Generative AI Success Depends on Quality of Data

June 5, 2024 Cailin Boucher Forster

Our client IBM recently held its Think Conference where we convened a CIO Council session to discuss the areas of hybrid cloud, AI, and security. A reoccurring theme throughout IBM Think keynotes and the Council session was around how important the quality and governance of data are for the success of AI.

Generative AI has great potential as a transformative technology that will bring tremendous impact to future ways of working, and most organizations are experimenting with POCs and use cases and thinking about how to scale the technology. However, before moving too fast with this major investment, organizations should be thinking about data quality and working to ensure that good data hygiene processes are in place. As Ritika Gunnar, General Manager, Product Management, Data & AI, IBM emphasized at IBM Think, “Good AI begins with good data.” In our Customer Advisory Board work at Farland Group, we have heard similar perspectives around the data governance required for the safe, responsible use of generative AI.

“If you don’t have basic data hygiene, you will still fail regardless of the AI projects or security tools you invest in. Organizations must understand that if its data hygiene is bad, generative AI will only multiply your challenges 10 times more.”

Why is this so important? With Large Language Models (LLMs) trained on existing data comes the potential for an array of challenges, including bias, data leakage, and output accuracy. Depending on the usage, the consequences could be dire. A student using a public, free instance of gen AI to help write a paper runs the risk of not being able to quote sources and potentially citing inaccurate information. With an enterprise’s use of an LLM, particularly in a highly regulated industry, comes the greater concern of having confidential data leaked or using skewed, biased LLM output when making business decisions that could result in financial loss, regulatory non-compliance, and/or loss of trust among its customer base.

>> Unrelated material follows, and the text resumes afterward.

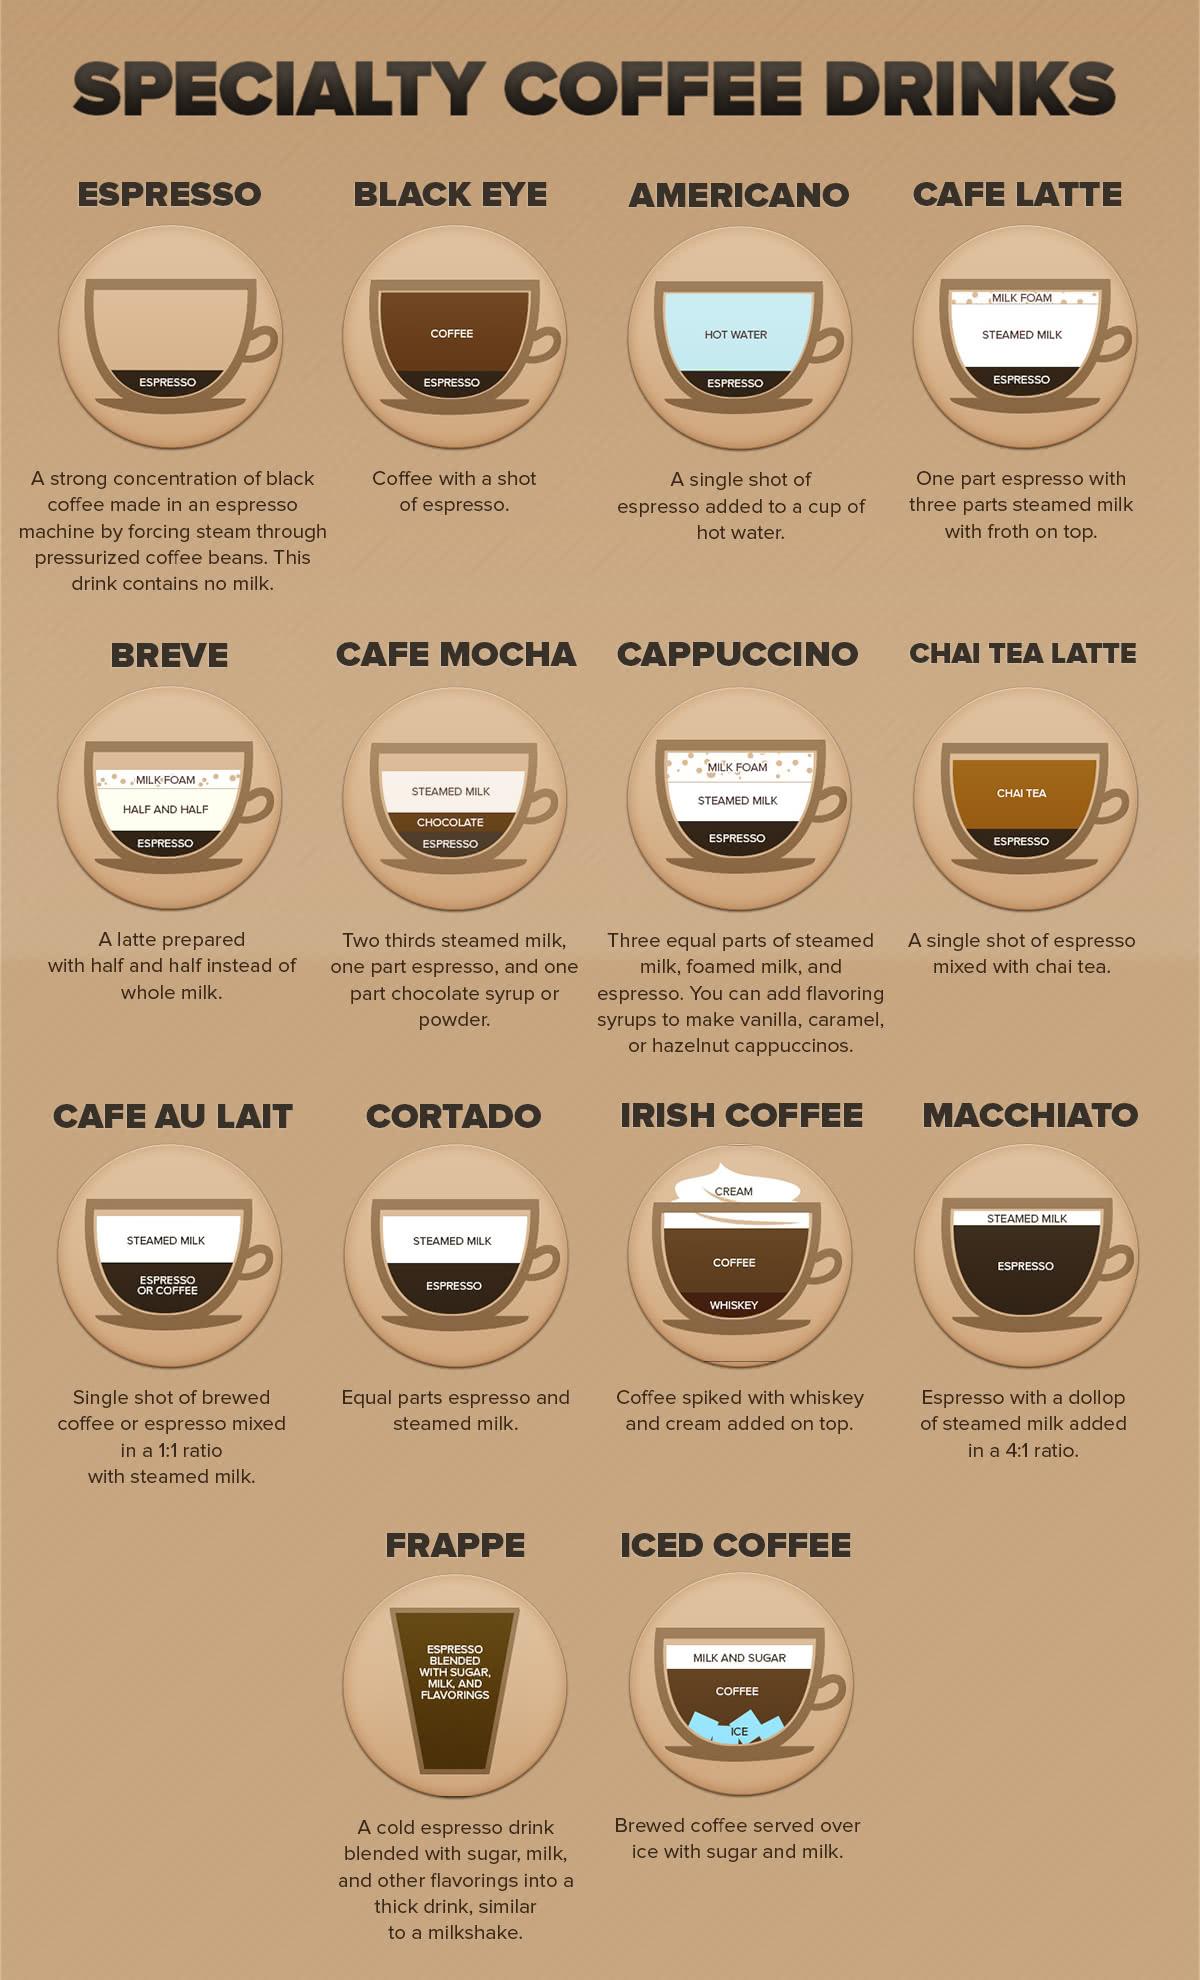 Speciality coffee drinks

“If you don’t have strong data controls in place, your use of generative AI for any use case will not help you achieve the results wanted.”

Utilizing data controls when evaluating use cases is beneficial for more reliable outcomes that enable good decision-making and establish trust in using this new technology. Here are a few questions to ponder when looking to safely scale generative AI within your organization:

- Will your organization be using an internal or external LLM?

- Does your organization own the data used within the LLM? How confident are you with the accuracy of the datasets used to train the LLM?

- Who/what departments will have access to the LLM (and ultimately the data used within)?

- What guardrails/controls can be set to help manage your enterprise’s risk appetite?